Владимир Андриенко - Кувыр-коллегия
Глава 3 Борьба за жизнь и борьба за власть
Я в хоровод вступаю, хохоча, -
И все-таки мне неспокойно с ними:
А вдруг кому-то маска палача
Понравиться — и он её не снимет?
Владимир Высоцкий "Маски".
Переворот фельдмаршала Миниха удивил многих. Герцог Бирон пал, и никто не вступился за него. Анна Леопольдовна присвоила себе титул "императорского высочества" и теперь никто не мог помешать ей вызвать в Петербург графа Линара. Миних стал первым министром при её высочестве. Манштейн получил генеральский чин и богатые поместья в России. Принц Антон Брауншвейгский стал генералиссимусом, не выиграв ни одного сражения. Рейнгольд Левенвольде получил 50 тысяч рублей на покрытие долгов из сумм изъятых у герцога Бирона. Граф Остерман стал генерал-адмиралом.

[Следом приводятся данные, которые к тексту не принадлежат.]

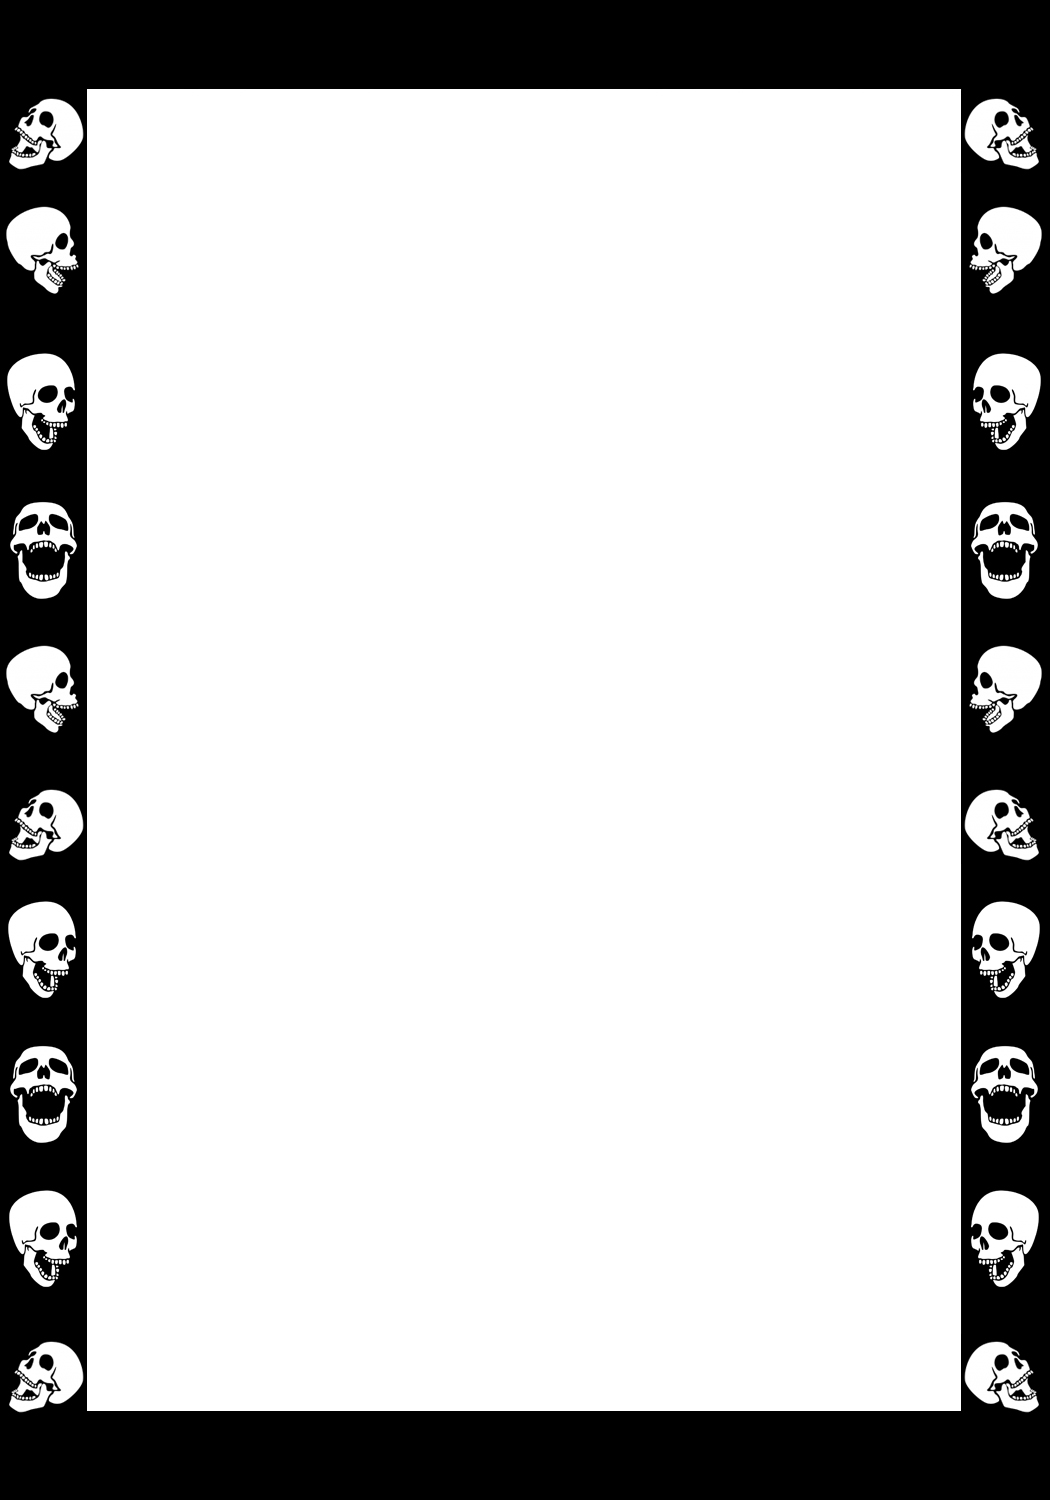 Scary Halloween frame with skulls

Но борьба придворных группировок на сем не кончилась. Сначала Остерман и Бирон объединились против Волынского. Затем Остерман и Миних выступили против Бирона. И вот в схватке за власть сошлись Миних и Остерман. Уступать не желал никто. Остерман желал править Россией и спрашивал, зачем ему белый мундир генерал-адмирала? Он совершенно ничего не понимал во флотских делах. Но фельдмаршал Миних также желал единолично править империей и Остерман был ему не нужен. "Пусть довольствуется тем, что я дал ему, — гордо говорил он. — А не то в отставку".
Год 1740, ноябрь, 14 дня. Санкт-Петербург. Пьетро Мира.
К дому Пьетро подкатила закрытая карета. Мария увидела её в окно. Она окликнула Миру:
— Это люди из тайной канцелярии!
Мира даже не поднялся с дивана. Он знал, что за ним придут. Сеньор Франческо Арайя вошел в фавор при дворе Анны Леопольдовны и сего следовало ожидать.
— Пьетро!
— Они пришли за мной, Мария. Тебе ничего не грозит.
— Я говорила тебе, что нам нужно бежать! Но ты уперся! А мы бы могли уже быть далеко!
— Но мои деньги, 100 тысяч рублей! Они в Митаве в банке Либмана. А Либман здесь в Петербурге под домашним арестом. Я должен был с ним встретиться. Без его записки я не могу получить своего золота.
— Но у тебя же есть немного денег. Нам бы хватило.
— Что? Ты сошла с ума? Я столько сделал, дабы составить себе состояние. И теперь уехать без ничего? На радость сеньору Арайе? Ну, нет! Сего не будет.
— Но твоя жизнь в опасности!
— Я не уеду без того, что заработал, Мария.
— Они тебя заберут!
Пьетро снял с пальца драгоценный перстень, подарок Бирона, и спрятал его в потайной карман штанов.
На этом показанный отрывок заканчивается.